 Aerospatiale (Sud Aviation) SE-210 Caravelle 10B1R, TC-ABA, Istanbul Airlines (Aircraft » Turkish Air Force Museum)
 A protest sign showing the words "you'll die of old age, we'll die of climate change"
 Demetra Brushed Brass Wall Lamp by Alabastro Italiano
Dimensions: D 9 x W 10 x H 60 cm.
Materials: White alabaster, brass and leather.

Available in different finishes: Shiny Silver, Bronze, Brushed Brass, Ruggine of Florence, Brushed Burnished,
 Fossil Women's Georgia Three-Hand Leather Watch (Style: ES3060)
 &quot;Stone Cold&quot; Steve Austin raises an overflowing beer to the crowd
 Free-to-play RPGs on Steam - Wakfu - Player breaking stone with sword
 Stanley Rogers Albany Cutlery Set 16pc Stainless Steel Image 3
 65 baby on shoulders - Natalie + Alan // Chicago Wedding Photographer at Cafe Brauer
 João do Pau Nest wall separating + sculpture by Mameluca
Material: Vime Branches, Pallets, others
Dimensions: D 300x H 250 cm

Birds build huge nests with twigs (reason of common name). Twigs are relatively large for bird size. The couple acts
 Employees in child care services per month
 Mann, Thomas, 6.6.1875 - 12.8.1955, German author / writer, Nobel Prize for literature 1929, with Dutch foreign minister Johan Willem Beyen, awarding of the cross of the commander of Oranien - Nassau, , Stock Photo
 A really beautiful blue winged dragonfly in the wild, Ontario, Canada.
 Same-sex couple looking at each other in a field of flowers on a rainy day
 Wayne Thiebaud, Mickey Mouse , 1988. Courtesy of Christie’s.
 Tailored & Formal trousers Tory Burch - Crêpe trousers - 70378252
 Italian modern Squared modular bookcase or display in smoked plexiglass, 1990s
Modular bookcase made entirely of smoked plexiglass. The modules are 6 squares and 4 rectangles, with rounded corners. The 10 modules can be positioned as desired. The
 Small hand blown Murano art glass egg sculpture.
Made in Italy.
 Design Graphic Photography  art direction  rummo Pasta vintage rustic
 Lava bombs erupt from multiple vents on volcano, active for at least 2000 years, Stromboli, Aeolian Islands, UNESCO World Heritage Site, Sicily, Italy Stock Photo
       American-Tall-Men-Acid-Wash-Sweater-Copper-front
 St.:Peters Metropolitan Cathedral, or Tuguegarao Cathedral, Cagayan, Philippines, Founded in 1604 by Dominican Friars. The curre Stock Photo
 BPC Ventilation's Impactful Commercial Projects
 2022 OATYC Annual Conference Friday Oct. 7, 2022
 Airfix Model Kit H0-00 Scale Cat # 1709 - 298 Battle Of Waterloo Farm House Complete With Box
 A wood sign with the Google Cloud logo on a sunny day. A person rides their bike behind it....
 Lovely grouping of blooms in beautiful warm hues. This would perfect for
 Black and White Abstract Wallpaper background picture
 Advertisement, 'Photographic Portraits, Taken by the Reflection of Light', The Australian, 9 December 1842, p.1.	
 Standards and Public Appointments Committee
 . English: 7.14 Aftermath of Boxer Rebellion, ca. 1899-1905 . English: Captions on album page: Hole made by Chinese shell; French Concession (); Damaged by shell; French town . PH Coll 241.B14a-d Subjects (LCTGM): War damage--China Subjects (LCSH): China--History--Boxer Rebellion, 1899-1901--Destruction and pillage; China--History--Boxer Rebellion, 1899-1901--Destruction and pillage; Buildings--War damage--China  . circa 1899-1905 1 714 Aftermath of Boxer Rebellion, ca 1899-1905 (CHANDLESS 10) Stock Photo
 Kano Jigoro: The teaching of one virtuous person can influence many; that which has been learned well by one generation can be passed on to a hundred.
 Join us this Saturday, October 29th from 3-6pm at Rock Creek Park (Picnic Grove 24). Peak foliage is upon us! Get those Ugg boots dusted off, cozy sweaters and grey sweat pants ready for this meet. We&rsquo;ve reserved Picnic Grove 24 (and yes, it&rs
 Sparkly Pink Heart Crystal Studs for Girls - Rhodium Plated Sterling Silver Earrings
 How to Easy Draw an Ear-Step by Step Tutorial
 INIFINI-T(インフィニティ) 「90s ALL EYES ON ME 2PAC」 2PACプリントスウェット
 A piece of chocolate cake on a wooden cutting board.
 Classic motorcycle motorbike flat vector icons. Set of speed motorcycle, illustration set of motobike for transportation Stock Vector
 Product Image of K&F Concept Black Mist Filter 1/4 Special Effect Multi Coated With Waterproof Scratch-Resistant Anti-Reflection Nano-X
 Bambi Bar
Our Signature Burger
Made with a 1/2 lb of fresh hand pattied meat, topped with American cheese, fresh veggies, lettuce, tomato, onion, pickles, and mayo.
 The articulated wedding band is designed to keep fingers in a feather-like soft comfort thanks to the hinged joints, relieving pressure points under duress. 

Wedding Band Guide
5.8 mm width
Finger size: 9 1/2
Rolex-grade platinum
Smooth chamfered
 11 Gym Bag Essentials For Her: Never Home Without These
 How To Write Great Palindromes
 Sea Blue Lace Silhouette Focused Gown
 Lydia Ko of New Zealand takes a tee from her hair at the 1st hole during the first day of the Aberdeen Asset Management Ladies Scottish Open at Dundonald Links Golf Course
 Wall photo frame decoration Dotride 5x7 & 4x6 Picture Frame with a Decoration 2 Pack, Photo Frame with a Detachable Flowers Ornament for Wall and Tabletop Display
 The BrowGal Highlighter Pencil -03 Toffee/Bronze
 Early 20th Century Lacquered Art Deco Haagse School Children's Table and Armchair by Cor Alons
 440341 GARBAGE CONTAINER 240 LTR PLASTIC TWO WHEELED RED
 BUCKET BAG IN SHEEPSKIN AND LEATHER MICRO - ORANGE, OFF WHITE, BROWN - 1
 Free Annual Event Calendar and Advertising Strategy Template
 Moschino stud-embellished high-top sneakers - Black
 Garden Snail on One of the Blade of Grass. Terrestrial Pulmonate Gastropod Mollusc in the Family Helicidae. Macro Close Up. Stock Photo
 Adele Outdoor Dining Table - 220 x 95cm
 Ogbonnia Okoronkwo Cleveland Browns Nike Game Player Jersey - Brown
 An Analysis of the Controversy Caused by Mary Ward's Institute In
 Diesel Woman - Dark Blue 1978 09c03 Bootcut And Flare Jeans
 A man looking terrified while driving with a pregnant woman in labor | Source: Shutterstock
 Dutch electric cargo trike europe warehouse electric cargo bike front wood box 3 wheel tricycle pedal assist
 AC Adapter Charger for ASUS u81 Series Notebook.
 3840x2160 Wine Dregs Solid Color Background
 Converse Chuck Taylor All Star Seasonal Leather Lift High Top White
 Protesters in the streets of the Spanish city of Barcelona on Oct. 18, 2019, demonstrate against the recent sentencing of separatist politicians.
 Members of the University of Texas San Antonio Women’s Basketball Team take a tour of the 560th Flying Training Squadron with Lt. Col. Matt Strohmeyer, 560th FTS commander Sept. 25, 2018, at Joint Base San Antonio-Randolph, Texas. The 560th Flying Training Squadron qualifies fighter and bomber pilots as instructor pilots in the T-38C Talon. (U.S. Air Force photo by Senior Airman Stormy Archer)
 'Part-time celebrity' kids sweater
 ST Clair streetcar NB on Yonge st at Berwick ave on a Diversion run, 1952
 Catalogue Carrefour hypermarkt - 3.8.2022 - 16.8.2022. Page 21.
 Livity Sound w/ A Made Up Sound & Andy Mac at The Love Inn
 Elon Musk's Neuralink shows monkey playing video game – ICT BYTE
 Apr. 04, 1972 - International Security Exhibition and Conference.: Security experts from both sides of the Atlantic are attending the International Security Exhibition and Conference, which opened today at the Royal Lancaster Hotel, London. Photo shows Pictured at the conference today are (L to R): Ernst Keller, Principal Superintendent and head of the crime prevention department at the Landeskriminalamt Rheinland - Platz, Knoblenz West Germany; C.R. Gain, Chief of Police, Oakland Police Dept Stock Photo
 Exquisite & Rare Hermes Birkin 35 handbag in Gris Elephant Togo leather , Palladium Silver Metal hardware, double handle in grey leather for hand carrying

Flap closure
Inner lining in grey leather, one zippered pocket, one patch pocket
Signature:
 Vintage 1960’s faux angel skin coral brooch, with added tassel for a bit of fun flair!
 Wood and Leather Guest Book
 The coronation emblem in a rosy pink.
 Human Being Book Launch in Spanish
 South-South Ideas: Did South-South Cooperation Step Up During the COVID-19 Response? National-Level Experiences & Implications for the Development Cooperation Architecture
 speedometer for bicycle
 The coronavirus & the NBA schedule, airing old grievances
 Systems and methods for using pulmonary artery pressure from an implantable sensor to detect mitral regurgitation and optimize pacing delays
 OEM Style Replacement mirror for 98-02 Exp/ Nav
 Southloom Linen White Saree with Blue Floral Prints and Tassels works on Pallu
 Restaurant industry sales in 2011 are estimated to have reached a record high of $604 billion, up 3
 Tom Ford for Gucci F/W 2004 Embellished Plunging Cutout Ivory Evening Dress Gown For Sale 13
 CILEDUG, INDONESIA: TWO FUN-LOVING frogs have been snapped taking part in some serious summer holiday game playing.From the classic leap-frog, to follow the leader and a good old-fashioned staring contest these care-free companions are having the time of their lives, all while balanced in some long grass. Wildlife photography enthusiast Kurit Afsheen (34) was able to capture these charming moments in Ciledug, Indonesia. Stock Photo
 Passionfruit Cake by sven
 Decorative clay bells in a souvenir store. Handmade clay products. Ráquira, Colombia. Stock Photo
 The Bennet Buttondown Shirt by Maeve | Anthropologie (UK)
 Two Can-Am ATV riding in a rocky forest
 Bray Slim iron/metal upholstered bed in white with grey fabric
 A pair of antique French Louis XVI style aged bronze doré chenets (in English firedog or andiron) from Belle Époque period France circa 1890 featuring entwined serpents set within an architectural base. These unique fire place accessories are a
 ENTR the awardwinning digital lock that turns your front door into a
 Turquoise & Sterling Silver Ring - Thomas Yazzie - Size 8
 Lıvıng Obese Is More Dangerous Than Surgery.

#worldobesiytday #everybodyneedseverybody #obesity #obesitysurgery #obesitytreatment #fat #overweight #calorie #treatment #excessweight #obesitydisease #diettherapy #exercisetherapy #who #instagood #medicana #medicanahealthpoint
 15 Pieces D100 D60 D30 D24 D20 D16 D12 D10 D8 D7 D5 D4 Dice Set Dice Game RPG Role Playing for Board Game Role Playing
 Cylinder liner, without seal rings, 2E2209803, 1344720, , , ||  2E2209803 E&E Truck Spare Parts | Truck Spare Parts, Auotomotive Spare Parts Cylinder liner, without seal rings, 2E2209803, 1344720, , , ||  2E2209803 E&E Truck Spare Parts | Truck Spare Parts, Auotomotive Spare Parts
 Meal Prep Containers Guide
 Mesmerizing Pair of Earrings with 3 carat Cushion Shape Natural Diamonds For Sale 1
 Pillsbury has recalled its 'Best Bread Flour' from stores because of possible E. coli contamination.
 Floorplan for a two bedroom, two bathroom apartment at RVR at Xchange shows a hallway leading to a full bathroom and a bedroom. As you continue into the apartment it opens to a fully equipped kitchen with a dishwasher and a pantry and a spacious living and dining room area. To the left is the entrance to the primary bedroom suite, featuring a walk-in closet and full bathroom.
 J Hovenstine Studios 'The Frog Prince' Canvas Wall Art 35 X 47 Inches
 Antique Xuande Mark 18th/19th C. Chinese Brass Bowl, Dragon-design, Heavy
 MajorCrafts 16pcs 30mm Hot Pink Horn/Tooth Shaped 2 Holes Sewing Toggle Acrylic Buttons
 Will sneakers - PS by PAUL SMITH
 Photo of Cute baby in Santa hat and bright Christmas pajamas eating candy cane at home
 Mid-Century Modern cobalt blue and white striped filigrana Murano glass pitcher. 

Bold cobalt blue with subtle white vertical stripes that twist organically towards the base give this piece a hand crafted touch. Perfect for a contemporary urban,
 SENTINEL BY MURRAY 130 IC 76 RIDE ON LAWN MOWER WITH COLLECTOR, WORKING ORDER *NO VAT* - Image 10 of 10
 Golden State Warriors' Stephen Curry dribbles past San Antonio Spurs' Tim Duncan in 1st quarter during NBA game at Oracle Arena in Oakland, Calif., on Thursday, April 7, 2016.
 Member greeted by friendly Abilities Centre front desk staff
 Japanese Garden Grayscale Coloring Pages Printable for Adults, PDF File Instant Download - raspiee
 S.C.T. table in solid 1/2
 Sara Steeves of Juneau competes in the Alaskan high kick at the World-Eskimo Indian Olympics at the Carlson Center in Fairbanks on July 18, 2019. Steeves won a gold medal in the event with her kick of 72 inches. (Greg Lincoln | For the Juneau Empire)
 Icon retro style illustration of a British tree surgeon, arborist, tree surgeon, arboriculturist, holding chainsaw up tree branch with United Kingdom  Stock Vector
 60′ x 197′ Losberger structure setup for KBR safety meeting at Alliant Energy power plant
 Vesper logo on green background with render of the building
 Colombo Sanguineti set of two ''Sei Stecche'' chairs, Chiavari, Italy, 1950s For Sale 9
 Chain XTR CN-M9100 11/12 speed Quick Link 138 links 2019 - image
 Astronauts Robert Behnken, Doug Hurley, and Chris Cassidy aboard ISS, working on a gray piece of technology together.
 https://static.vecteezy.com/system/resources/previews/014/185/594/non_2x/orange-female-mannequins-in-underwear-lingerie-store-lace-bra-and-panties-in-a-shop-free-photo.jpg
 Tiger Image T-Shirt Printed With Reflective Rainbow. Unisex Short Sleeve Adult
——————————
• **EXERCISE**
Of all the entries above, output exactly the lines between the one holding "J Hovenstine Studios" and the one holding "Will sneakers - PS by PAUL SMITH", inclusive.

• **RESULT FOR THIS TASK**
 J Hovenstine Studios 'The Frog Prince' Canvas Wall Art 35 X 47 Inches
 Antique Xuande Mark 18th/19th C. Chinese Brass Bowl, Dragon-design, Heavy
 MajorCrafts 16pcs 30mm Hot Pink Horn/Tooth Shaped 2 Holes Sewing Toggle Acrylic Buttons
 Will sneakers - PS by PAUL SMITH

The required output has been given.